UNITED STATES DISTRICT COURT NORTHERN DISTRICT OF NEW YORK


August 19, 2011

DERRY SYKES, PLAINTIFF,
v.
NEW YORK STATE CHILD SUPPORT PROCESSING CENTER, STATE OF NEW YORK, AND BANK OF AMERICA, DEFENDANTS.

The opinion of the court was delivered by: Norman A. Mordue, Chief U.S. District Judge

MEMORANDUM-DECISION AND ORDER

Plaintiff commenced the above-referenced action in the Middle District of Florida on July 12, 2011, asserting that defendants are violating the Social Security Act by garnishing Social Security Income ("SSI") payments which are directly deposited into his bank account in Florida. Plaintiff's complaint is couched as an Order to Show Cause for a temporary restraining order and preliminary injunction. Plaintiff seeks an order of this Court which will immediately lift the restraining notice placed on his bank account by the defendant state agency and direct defendants to cease and desist from unlawfully confiscating his SSI payments. Plaintiff also filed an application to proceed in this action in forma pauperis. The case was transferred to this District by the Middle District of Florida on the ground of improper venue. To wit, the transferring court concluded from review of the various attachments to plaintiff's complaint that since the New York State Child Support Processing Center, the state agency named in the complaint, was located in Albany, New York, the action was properly venued in the Northern District of New York.

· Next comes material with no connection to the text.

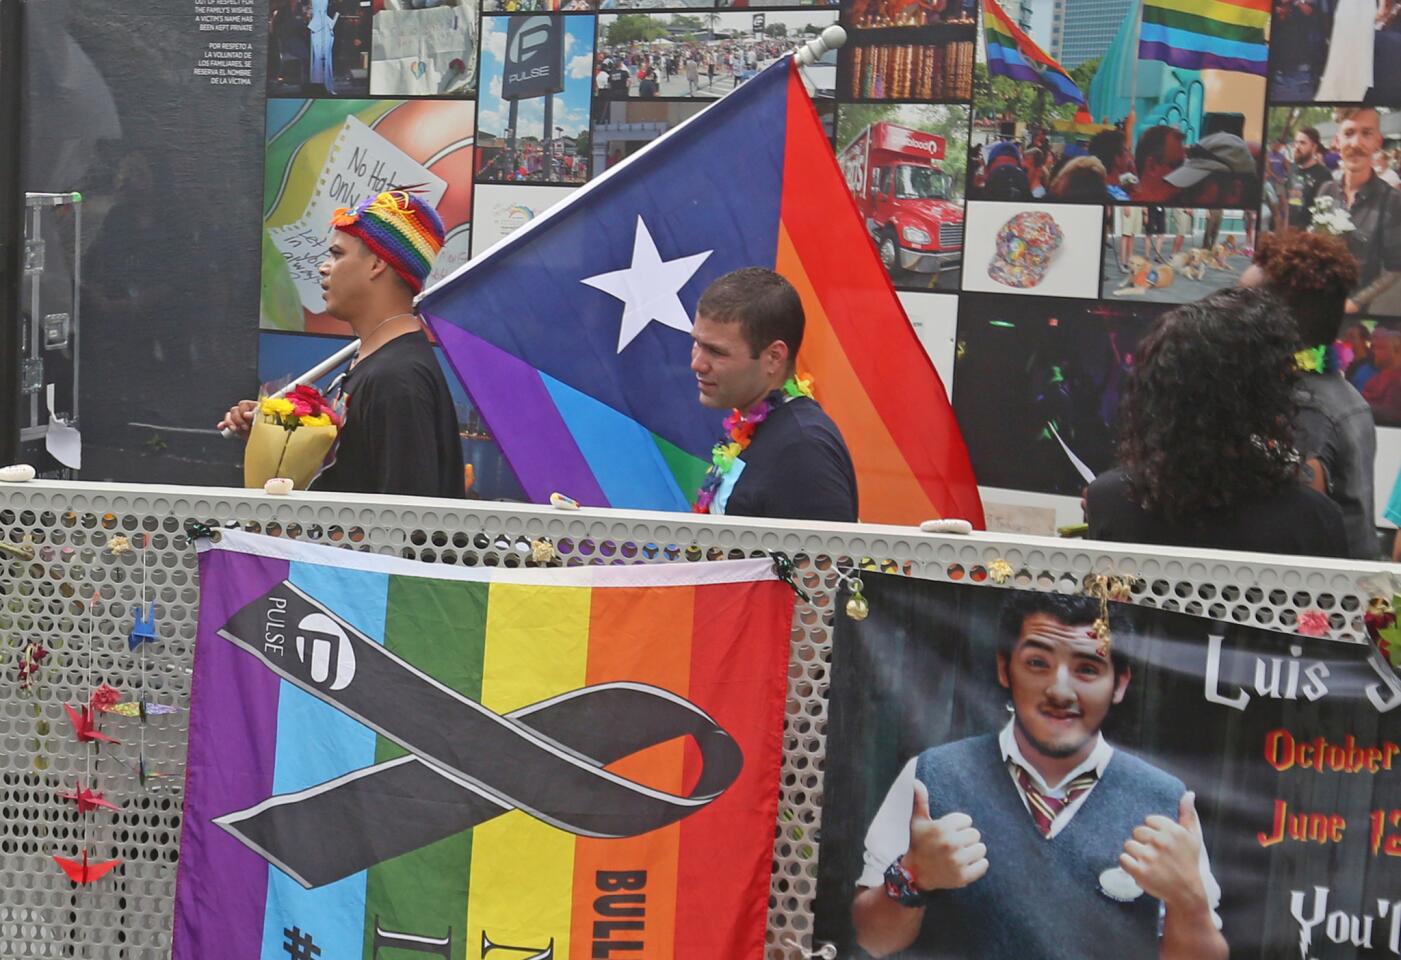 Ceremony honors 49 lost in Pulse massacre

This Court has reviewed the complaint and the attachments thereto in addition to a letter motion dated August 5, 2011, by plaintiff requesting an expedited determination of his motion to lift the restraining order on his banks accounts. The letter motion includes an attachment, correspondence to plaintiff dated July 15, 2011, from Office of Child Support Enforcement in New York, New York. In this letter, an enforcement representative explains, in response to plaintiff's request that the restraint be removed from his bank account, that he will have to provide a copy of his social security award letter and bank statements for the months of April, May and June 2011. The Court notes that if it is the Office of Child Support Enforcement in New York City that has actually restrained plaintiff's account, as opposed to the New York State Child Support Processing Center in Albany, New York, then plaintiff's complaint has named the wrong defendant agency. Indeed, the complaint states that the "[d]efendant New York State Child Support Processing Center ... resides at Post Office Box 826, Canal Street Station, New York, New York 10013." However, it is clear from the attachments to plaintiff's complaint which include the actual restraining notice at issue herein that the address on Canal Street Station in New York City is the Office of Child Support Enforcement, not the New York State Child

Support Processing Center. The Court notes that if plaintiff has named the wrong agency in his complaint, he may amend it to name the correct one, but this may ultimately result in raising the issue of venue again in this case. To wit, the Office of Child Support Enforcement resides in New York City which is in the Southern, rather than the Northern District of New York.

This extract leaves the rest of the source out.